■ Your goal
Pictures excluded, output exactly the lines from the one containing "navy bean boots, navy" through the last line of the listing below.

Input data Block Start

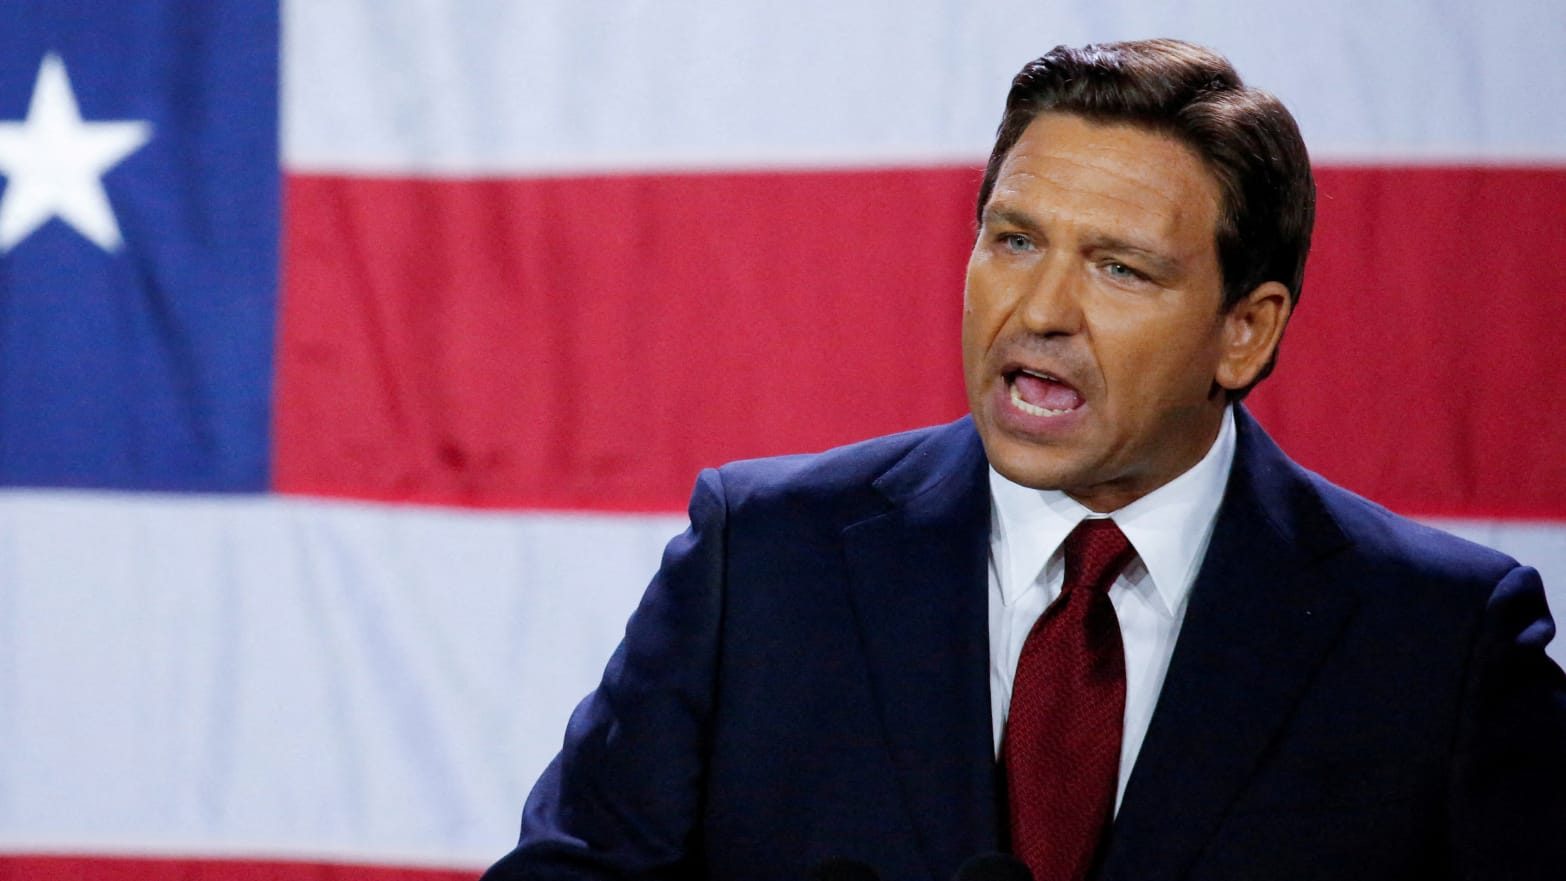 Ron DeSantis speaks passionately in front of a U.S. flag
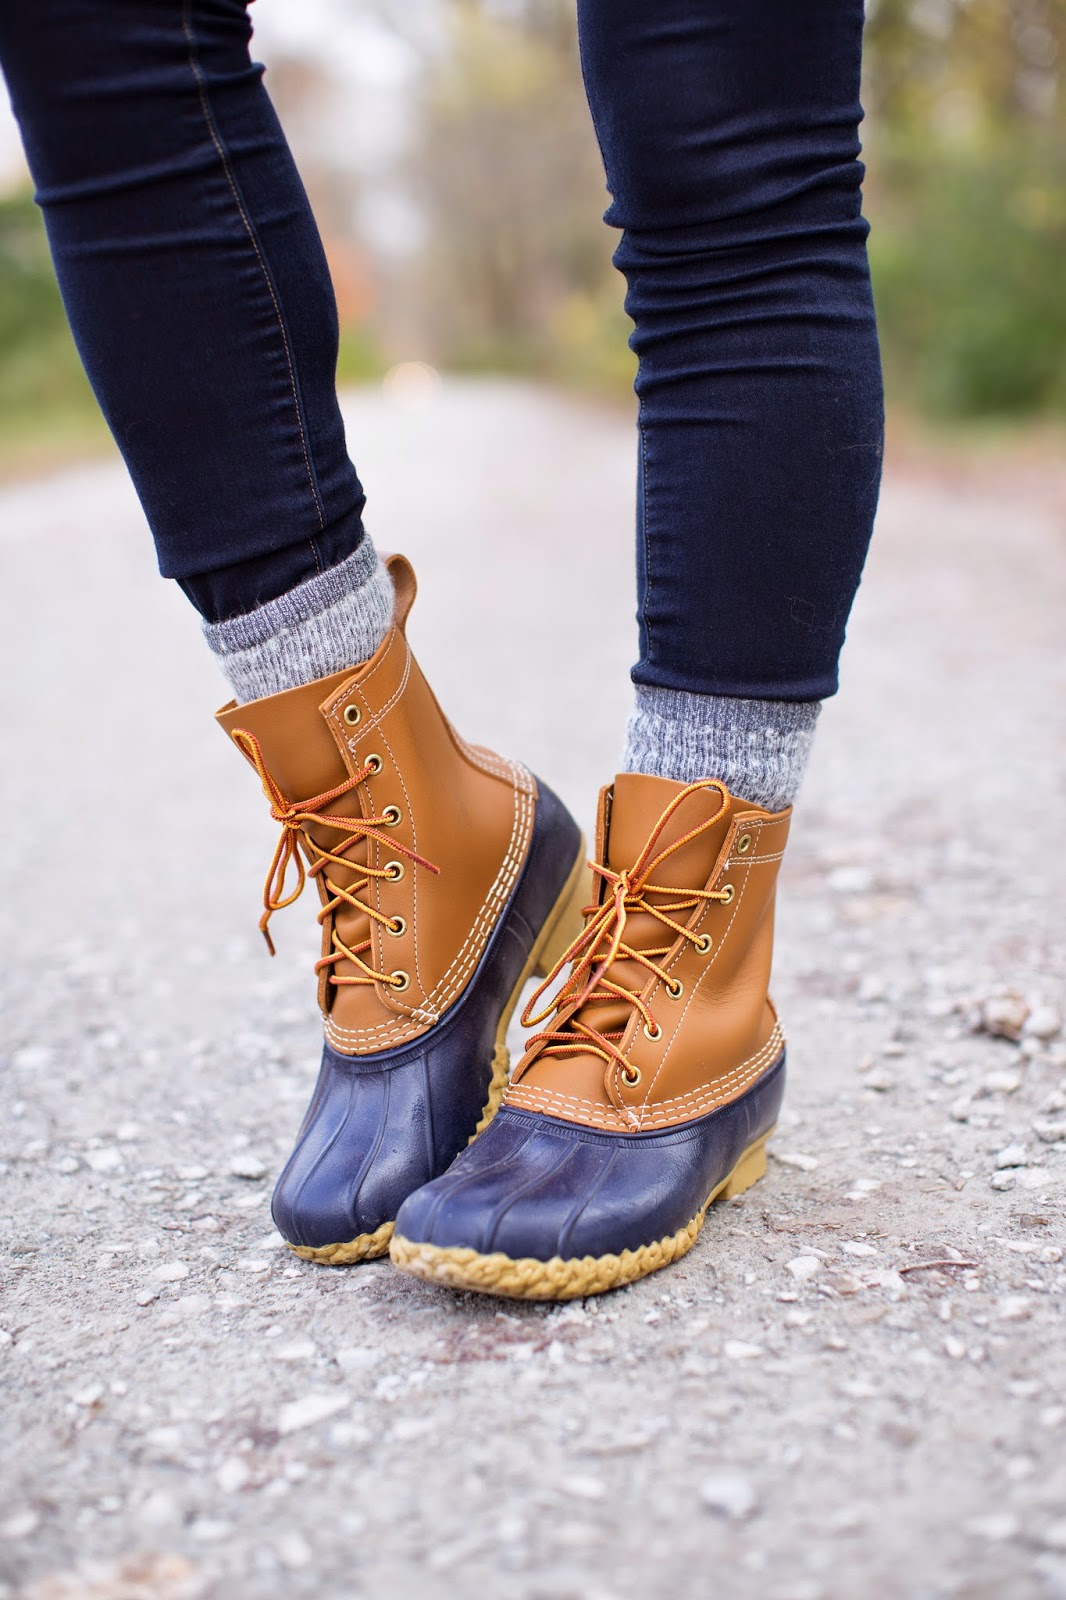 navy bean boots, navy duck boots, preppy duck boots, thick wool socks, preppy duckboots, fall style, fall fashion, fall style inspiration, a southern drawl fall outfits, cute fall outfits, preppy fall outfits, southern fashion blogger // grace wainwright a southern drawl
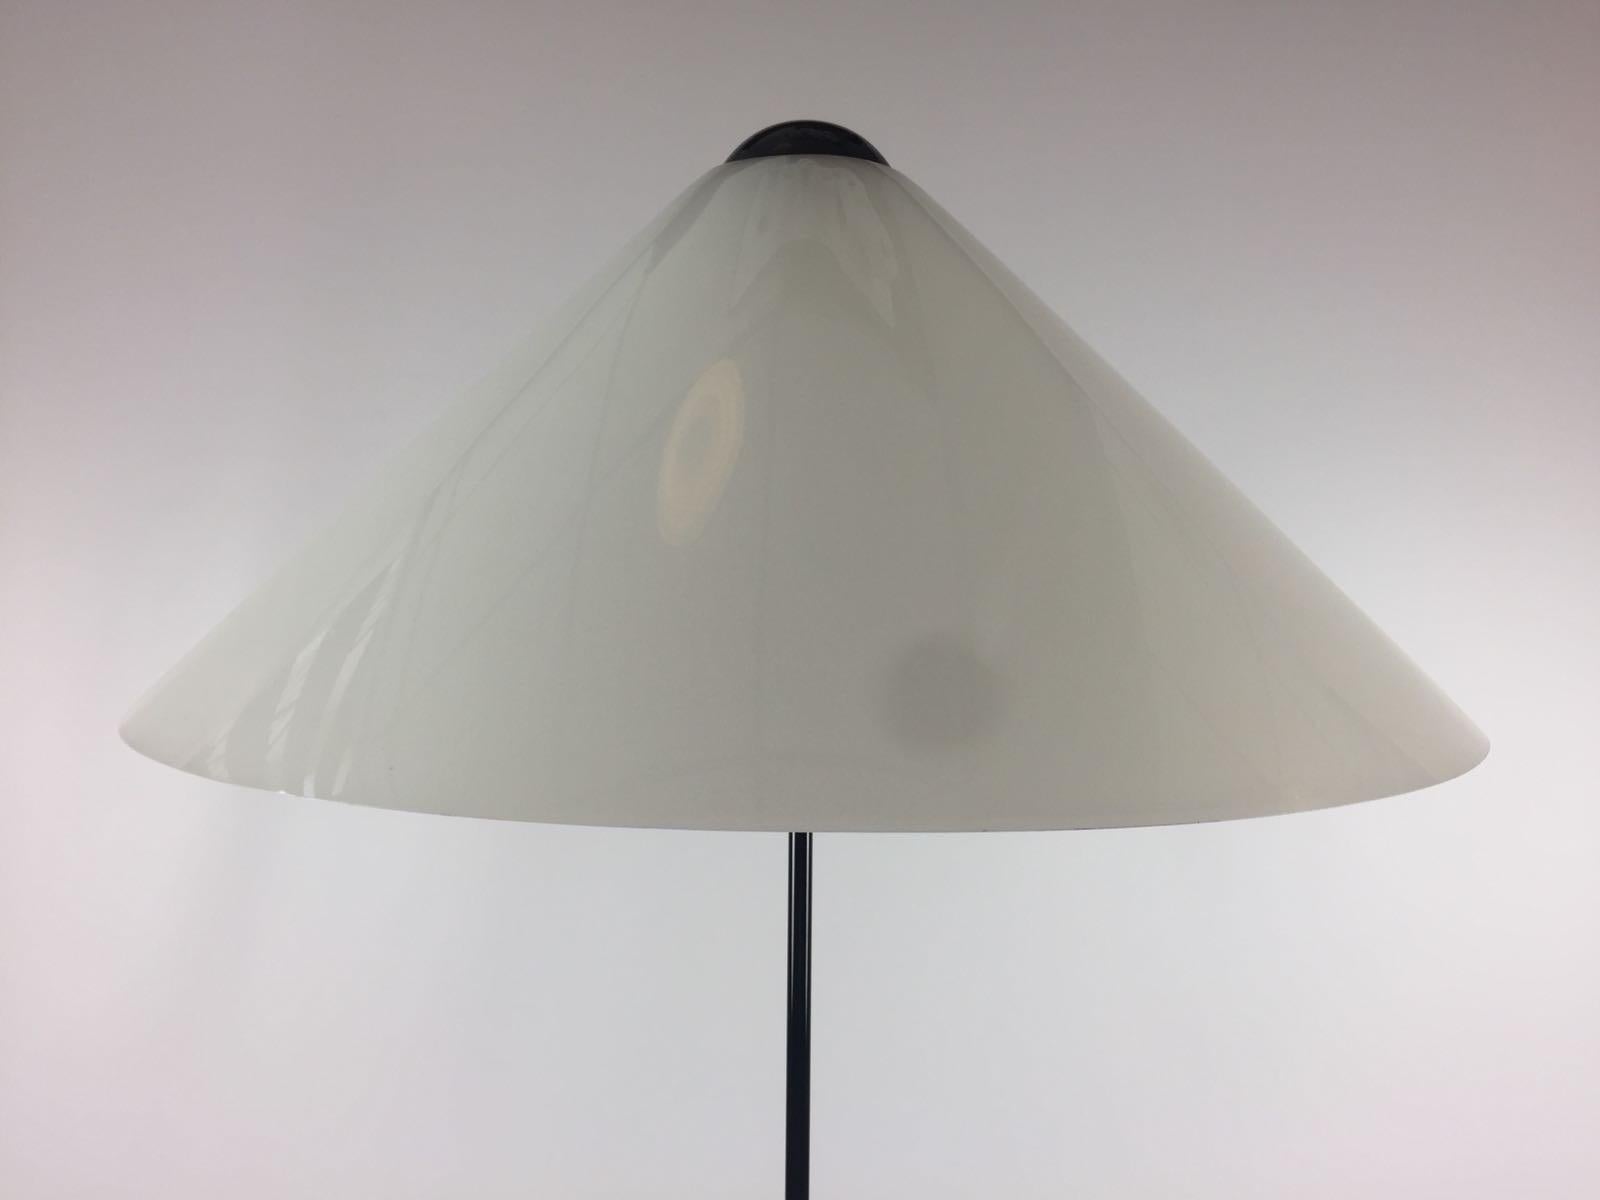 Vico Magistretti 'Snow' Floor Lamp for Oluce, Italy, 1973 For Sale 5
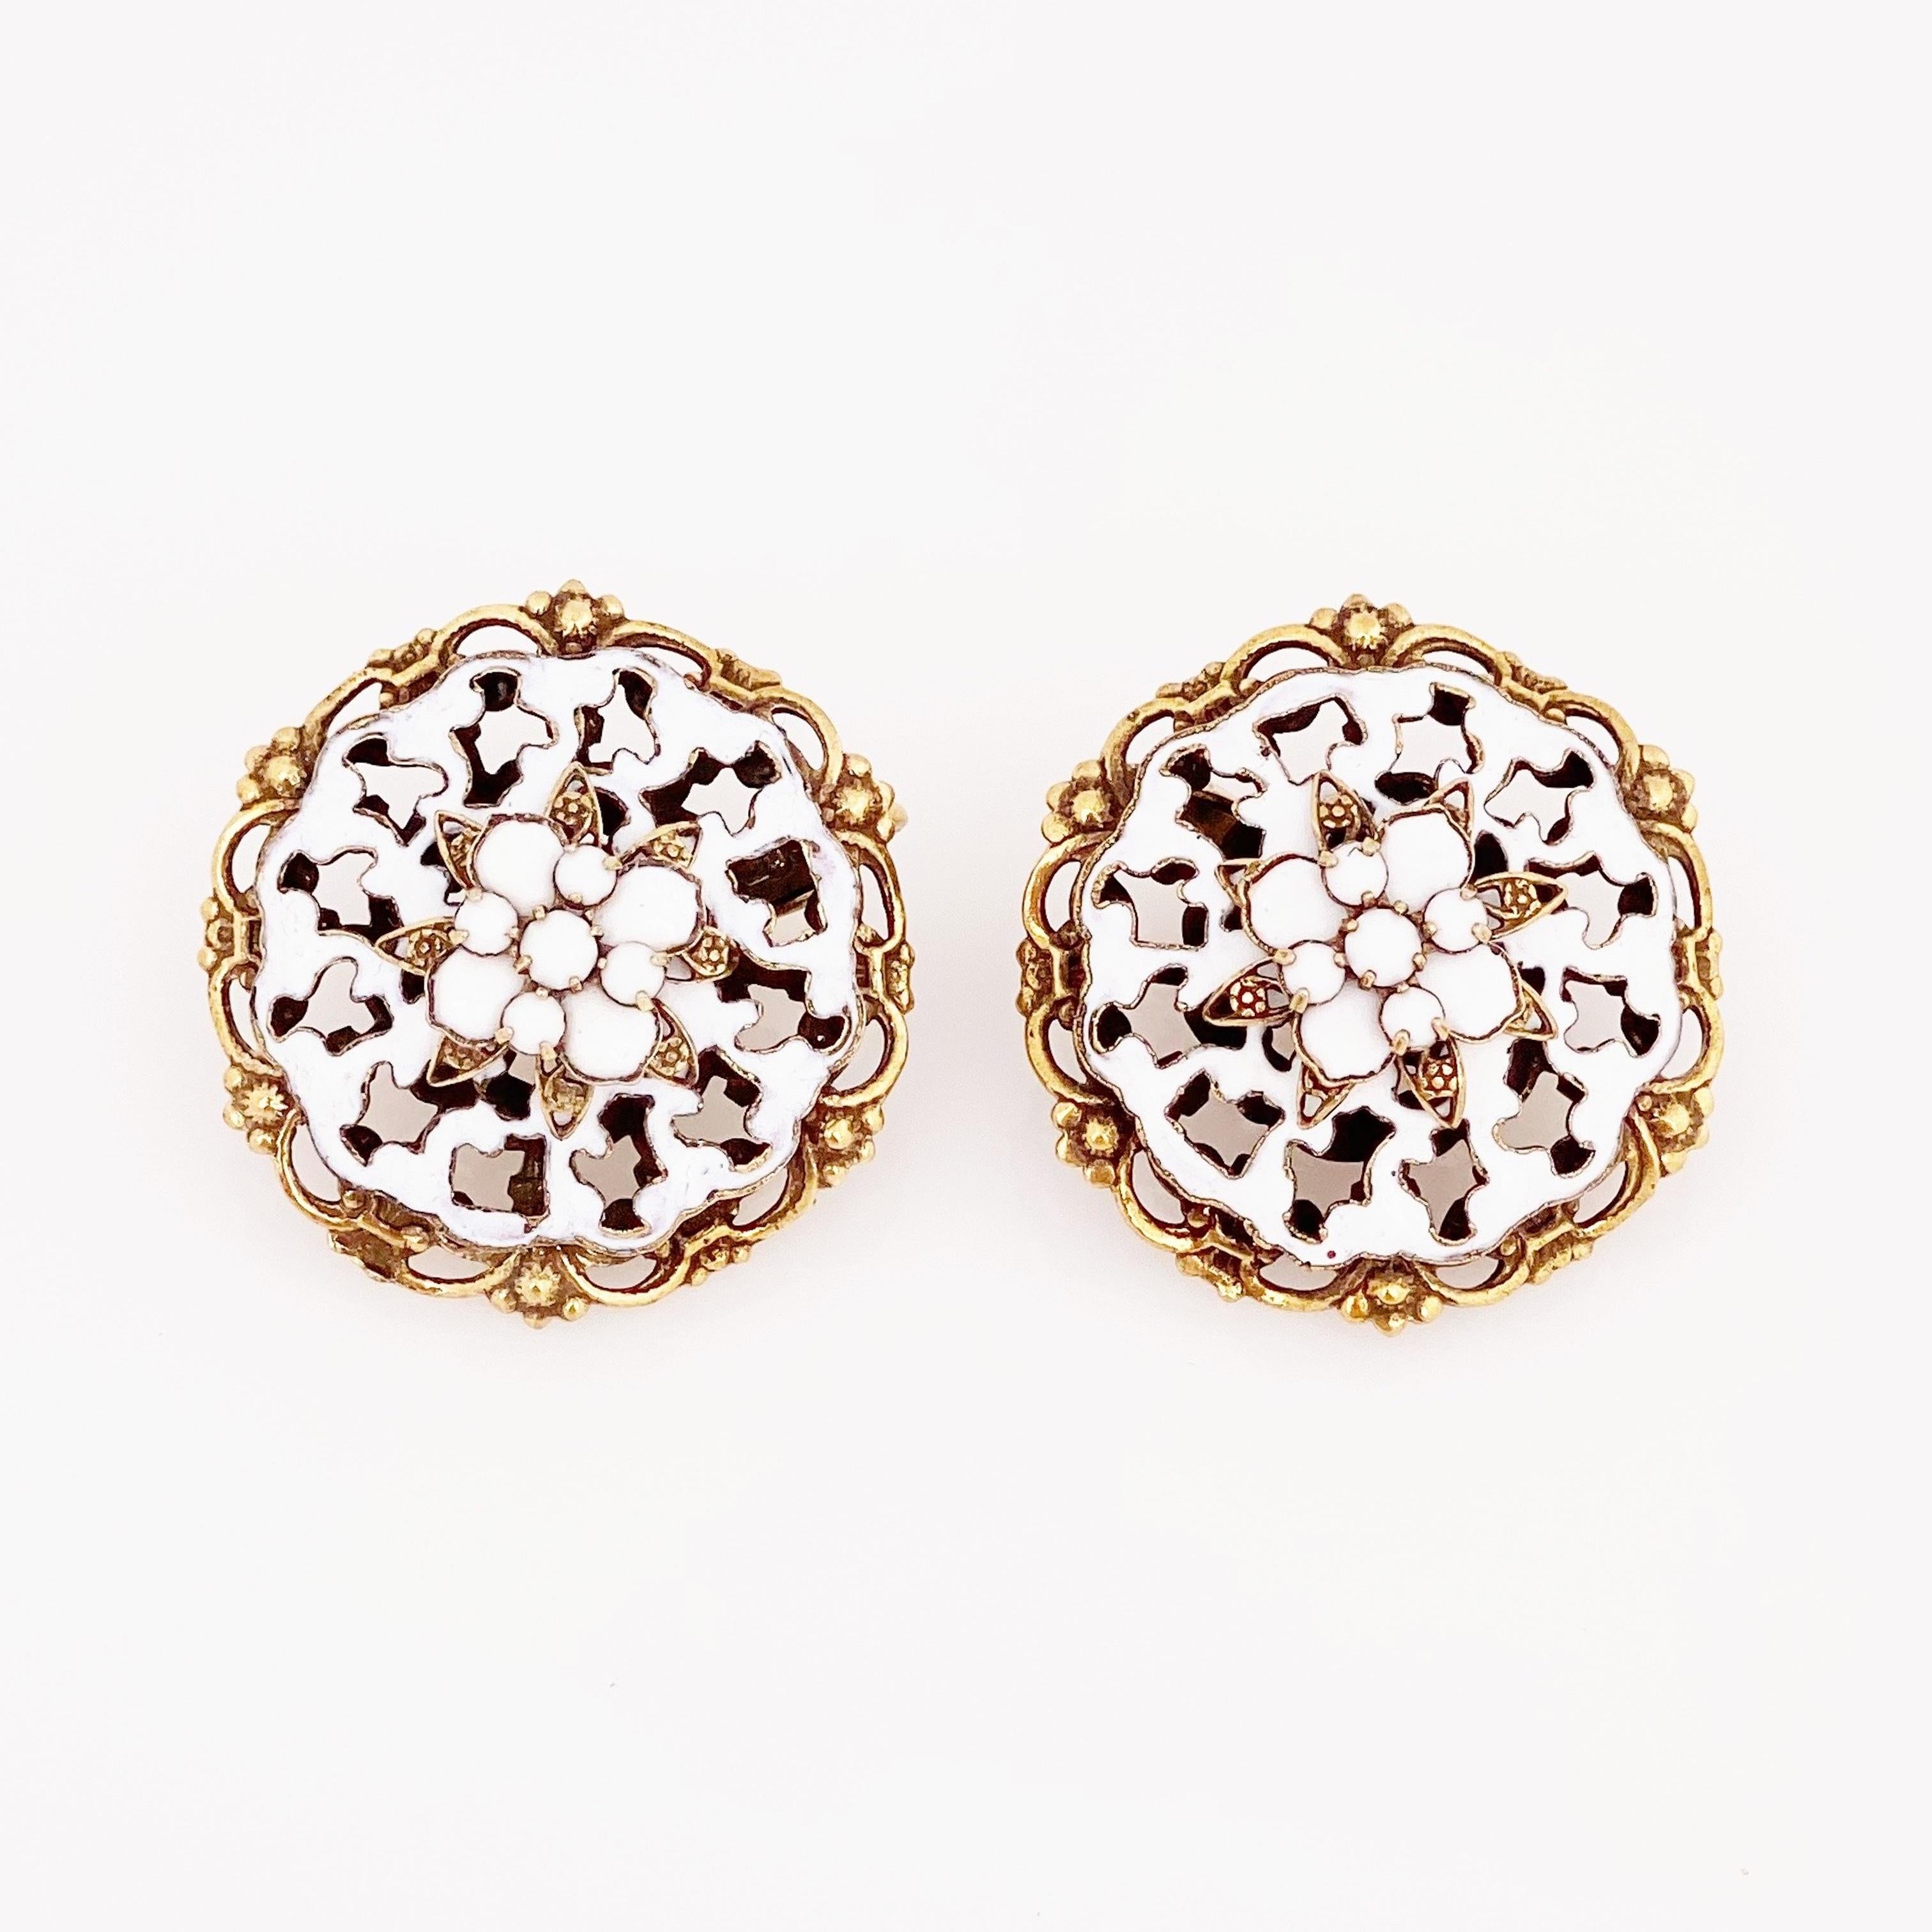 White Enamel Ornate Earrings With Milk Glass Rhinestones, 1950s In Good Condition For Sale In McKinney, TX

Input data Block End

■ Output of the exercise
 navy bean boots, navy duck boots, preppy duck boots, thick wool socks, preppy duckboots, fall style, fall fashion, fall style inspiration, a southern drawl fall outfits, cute fall outfits, preppy fall outfits, southern fashion blogger // grace wainwright a southern drawl
 Vico Magistretti 'Snow' Floor Lamp for Oluce, Italy, 1973 For Sale 5
 White Enamel Ornate Earrings With Milk Glass Rhinestones, 1950s In Good Condition For Sale In McKinney, TX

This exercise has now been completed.